If you know the quota values, you may supply them here.
.. attr:: instances
:type: int
The number of instances available in this region.
.. attr:: cores
:type: int
The number of vCPU cores available in this region.
.. attr:: ram
:type: int
The amount of RAM available in this region (in mebibytes).
.. attr:: cloud-images
:type: list
Each entry in this section must refer to an entry in the
:attr:`labels` section.
.. code-block:: yaml
cloud-images:
- name: bionic
username: zuul
keys:
- zuul-ssh-key
image-name: ibm-ubuntu-20-04-3-minimal-amd64-1
- name: stretch
username: zuul
keys:
- zuul-ssh-key
image-filter:
operating-system:
family: "Debian GNU/Linux"
version: "9.x Stretch/Stable - Minimal Install"
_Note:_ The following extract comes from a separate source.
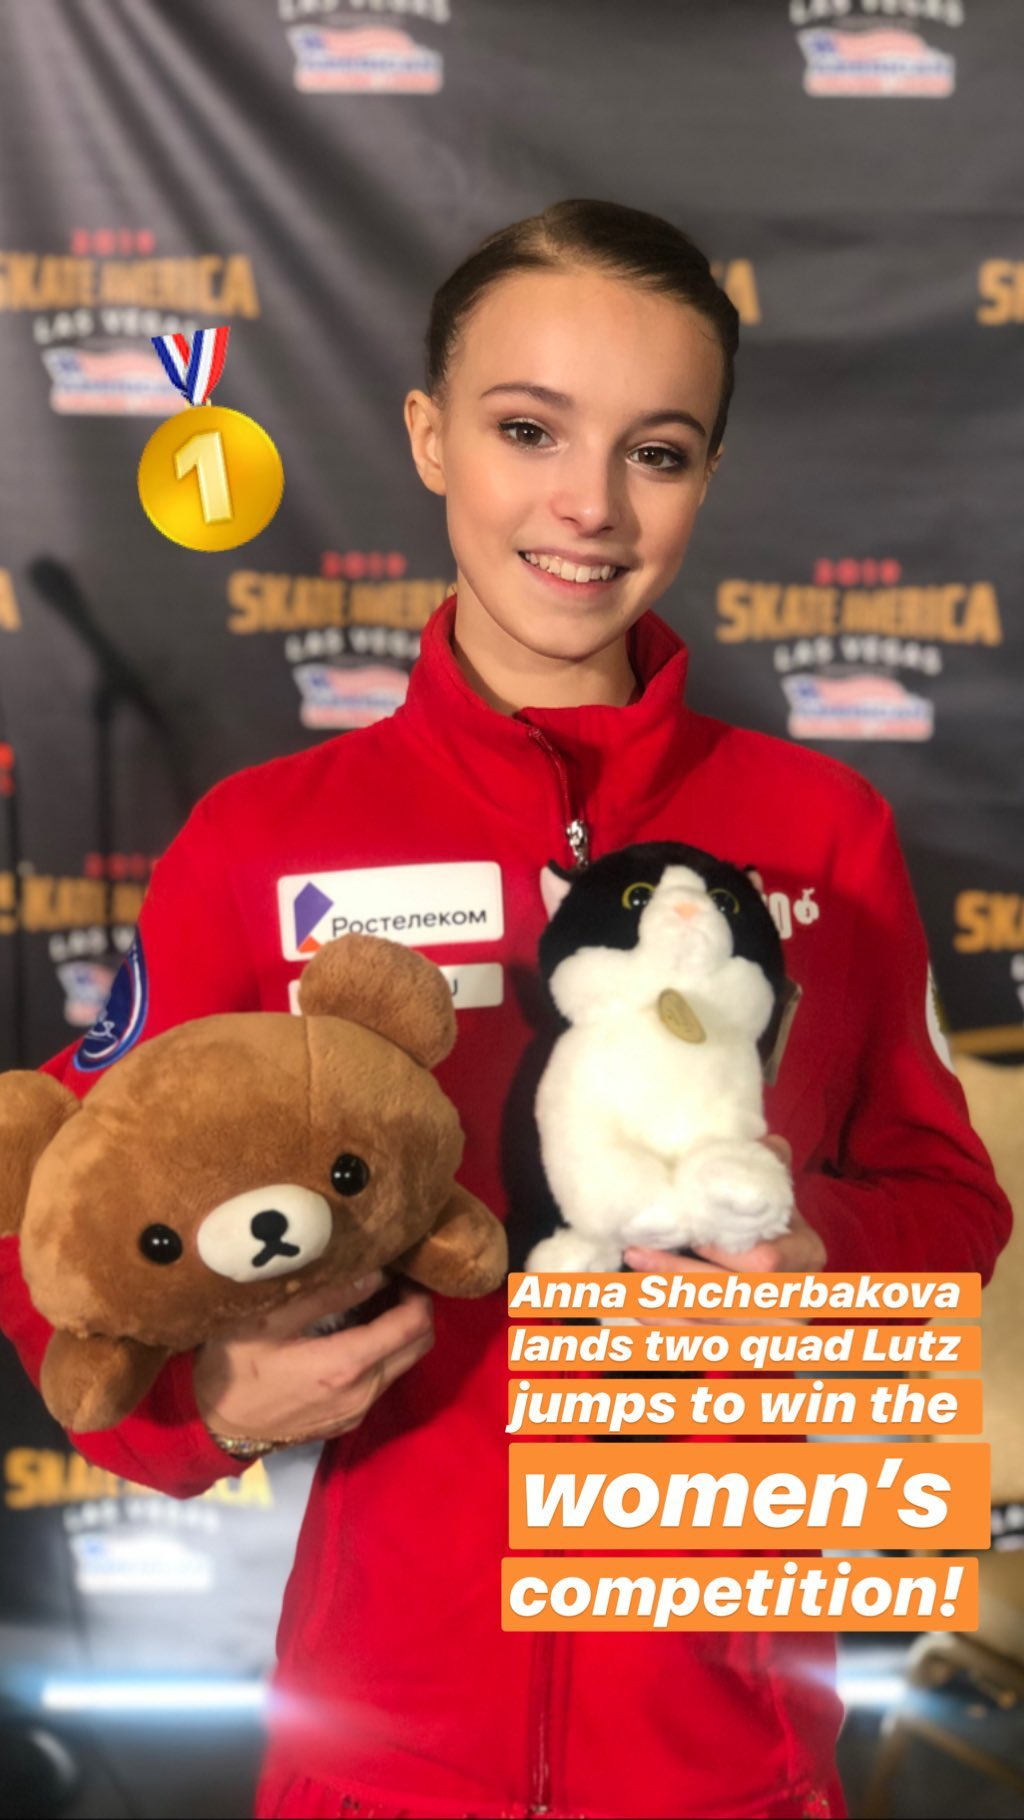 GP - 1 этап. Skate America Las Vegas, NV / USA October 18-20, 2019   - Страница 20 Gojv3lXmKdA
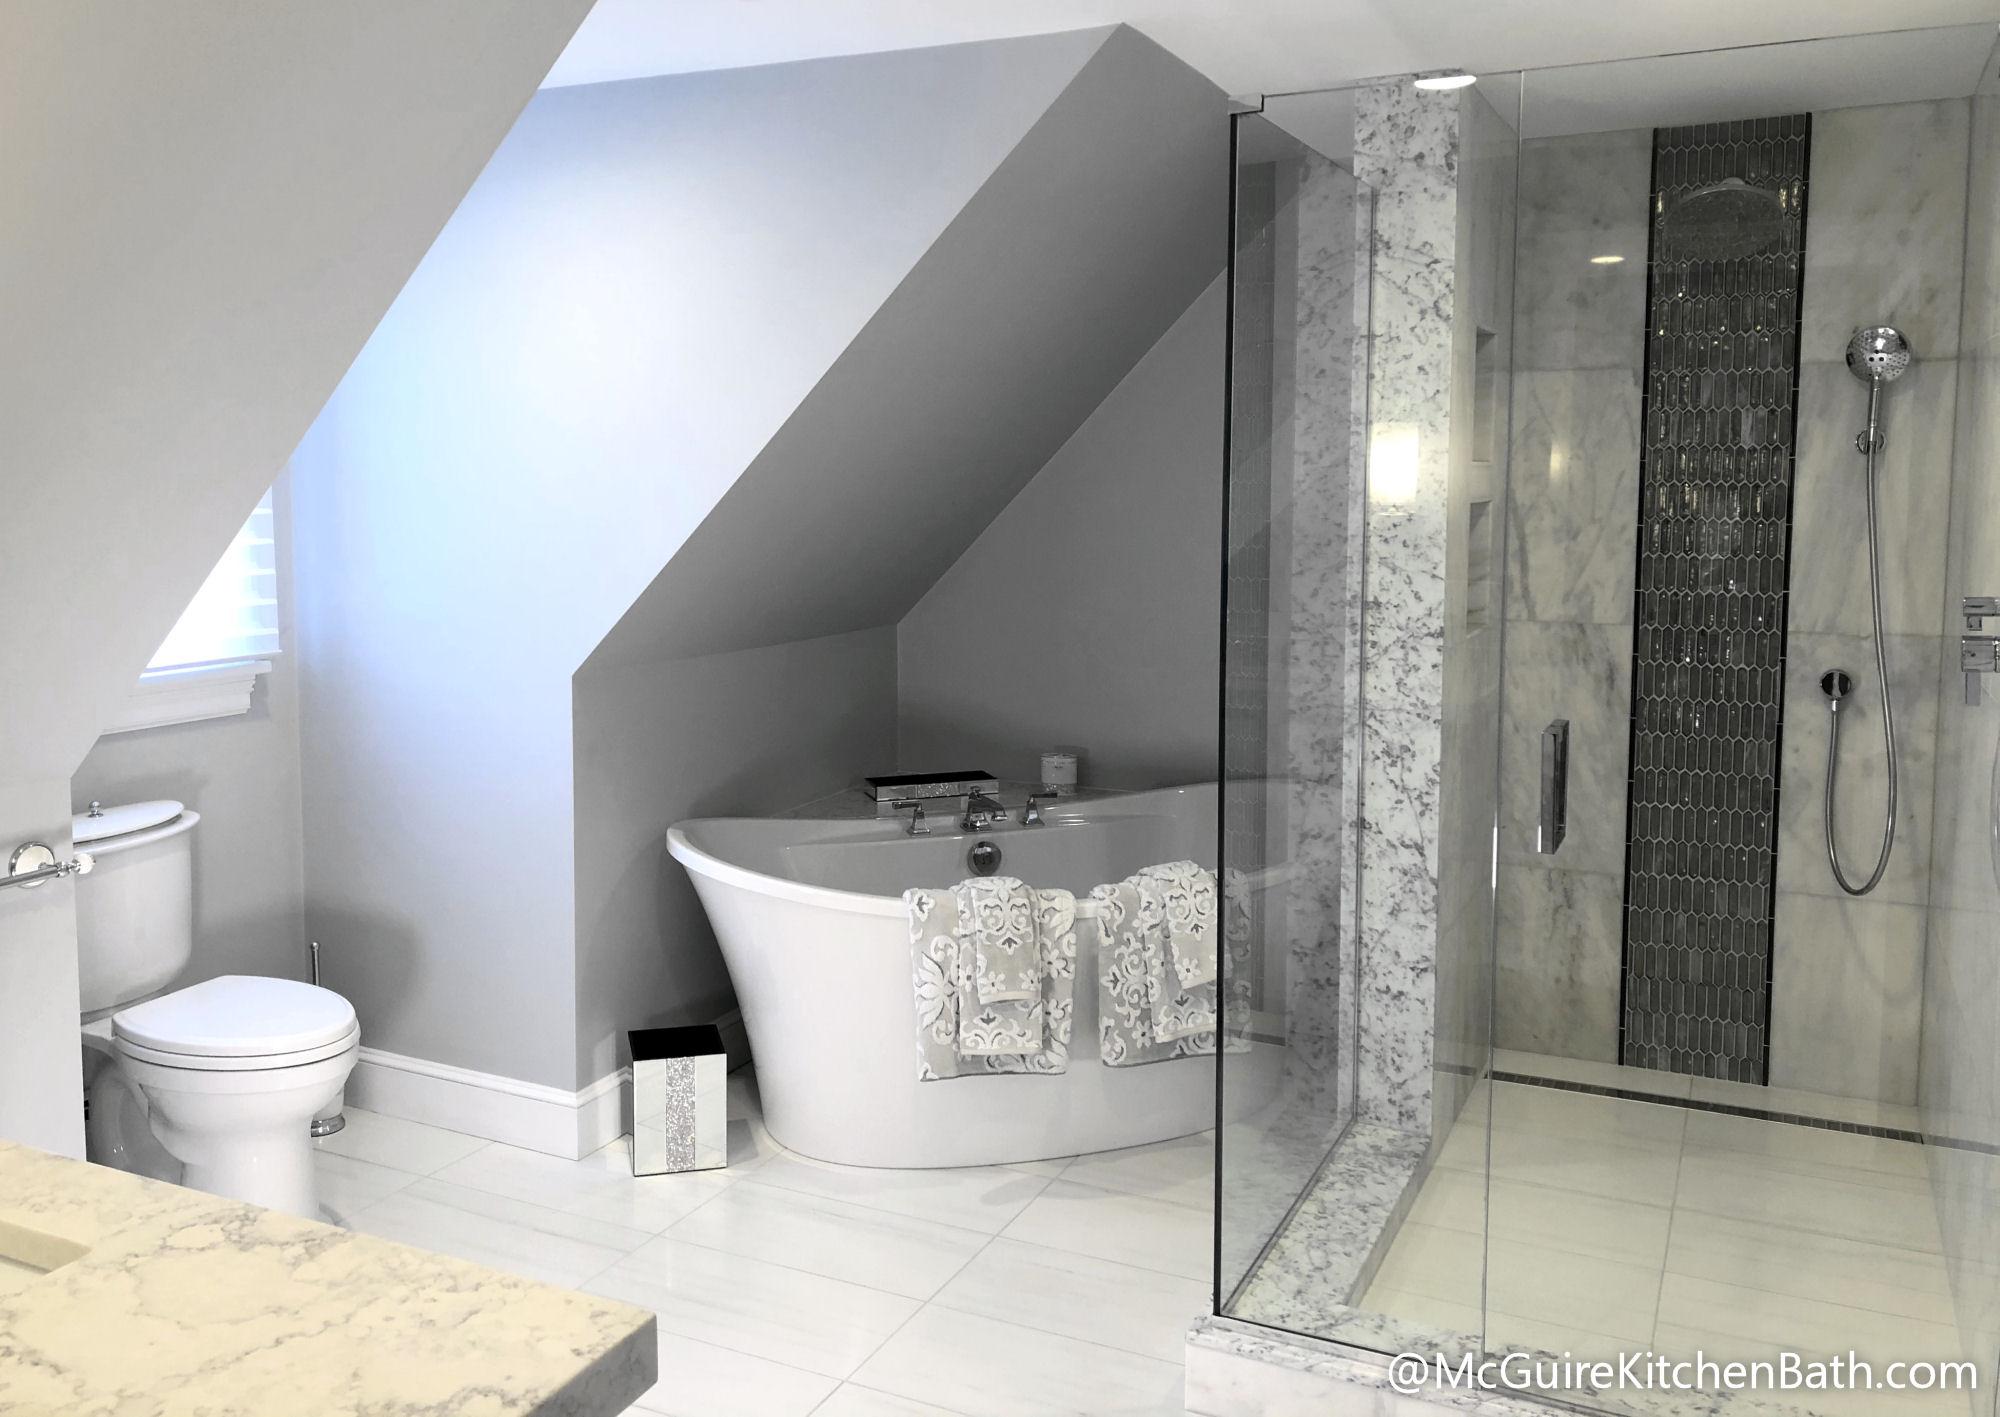 Glad Master Bathroom Remodel in Stoneham MA

Each entry is a dictionary with the following keys
.. attr:: name
:type: string
:required:
Identifier to refer this cloud-image from :attr:`labels`
section. Since this name appears elsewhere in the nodepool
configuration file, you may want to use your own descriptive
name here.
.. attr:: username
:type: str
:required:
The username that should be used when connecting to the node.
.. attr:: keys
:type: list
A list of SSH keys (specified by name) to install on the node.
.. attr:: connection-type
:type: string
The connection type that a consumer should use when connecting
to the node. For most diskimages this is not
necessary. However when creating Windows images this could be
``winrm`` to enable access via ansible.
.. attr:: connection-port
:type: int
:default: 22 / 5986
The port that a consumer should use when connecting to the
node. For most diskimages this is not necessary. This defaults
to 22 for ssh and 5986 for winrm.
.. attr:: python-path
:type: str
:default: auto
The path of the default python interpreter. Used by Zuul to set
``ansible_python_interpreter``. The special value ``auto`` will
direct Zuul to use inbuilt Ansible logic to select the
interpreter on Ansible >=2.8, and default to
``/usr/bin/python2`` for earlier versions.
.. attr:: shell-type
:type: str
The shell type of the node's default shell executable. Used by Zuul
to set ``ansible_shell_type``. This setting should only be used
- For a windows image with the experimental `connection-type` ``ssh``
in which case ``cmd`` or ``powershell`` should be set
and reflect the node's ``DefaultShell`` configuration.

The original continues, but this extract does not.